After Open House weekend on Saturday, my boon companion and I set off across London for a visit to Fopp, only to stumble across an anti-pope demonstration along the way (where we were roughly manhandled by the police). We came across some great placards, including 'DOWN WITH THIS SORT OF THING' which James called 'fantastically vague' (and indeed, if the picture is replaced, it could easily be adapted to be used at any kind of protest).

James had mentioned earlier that if he was with me he was bound to see someone famous (I have a reputation for seeing the famous whenever I'm in London). I gave him the pope on a plate, but apparently this didn't count. His theory goes that to see a famous person it must be a random sighting. We knew the pope was going to be along the Mall, thus the random encounter aspect was void.
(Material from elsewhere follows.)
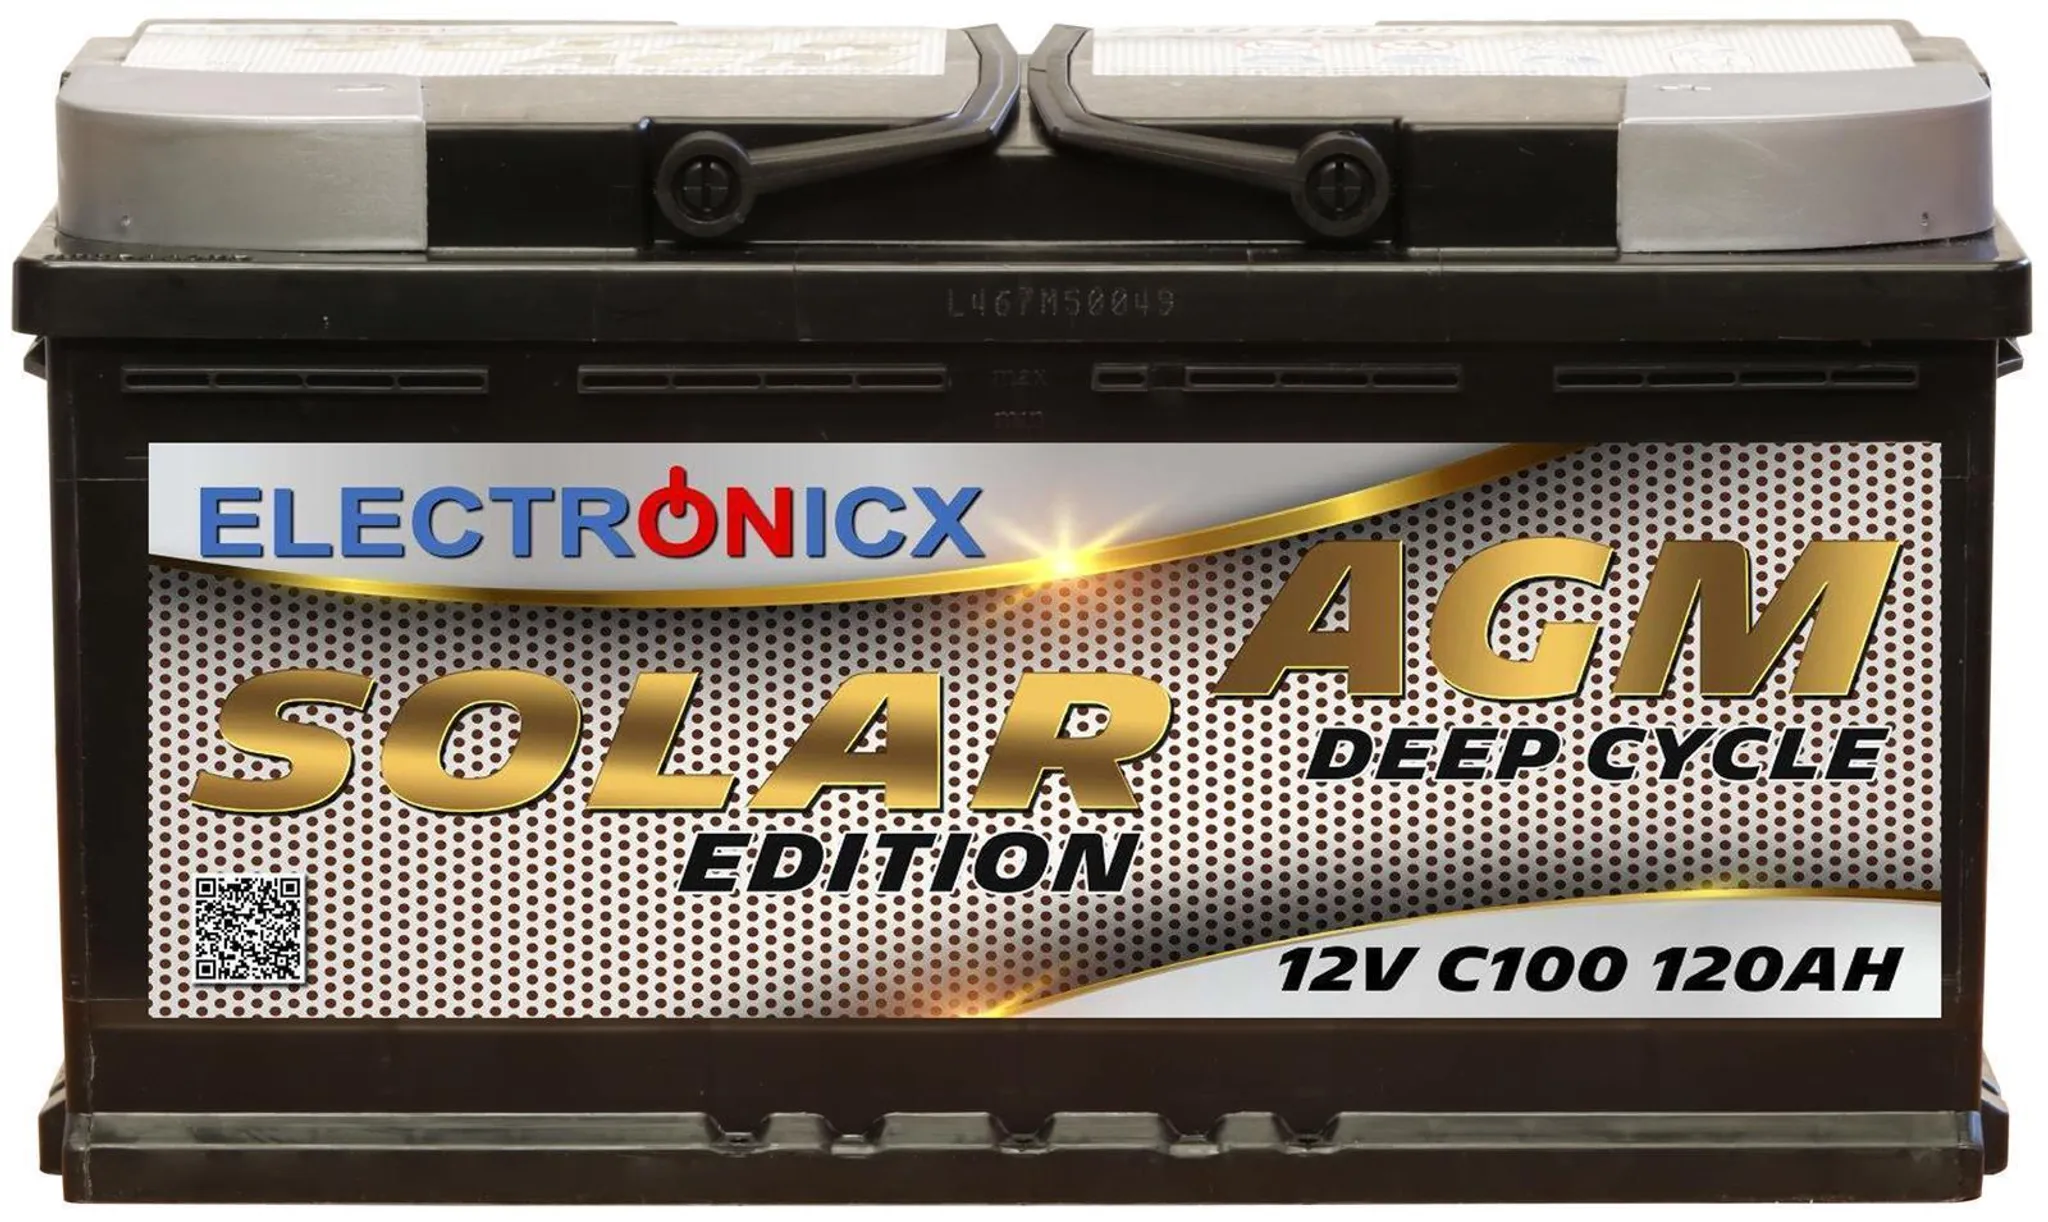 Electronicx Caravan Edition Gel Batterie 140 AH 12V, 189,99 €

My friend Chas seeing the pope going round the Wandsworth one-way system the previous afternoon, however, does count as a famous person sighting as it was random, unplanned. Likewise, I cannot say I've seen Bob Dylan, as I paid money to be there (it was premeditated). However, seeing Roger Daltrey, Anthony Gormley and Bill Nighy at the Dylan concert does count as they were random, unpredicted sightings. His theory seems a bit churlish if you ask me.

FYI: I'm an atheist who just happens to like seeing famous people.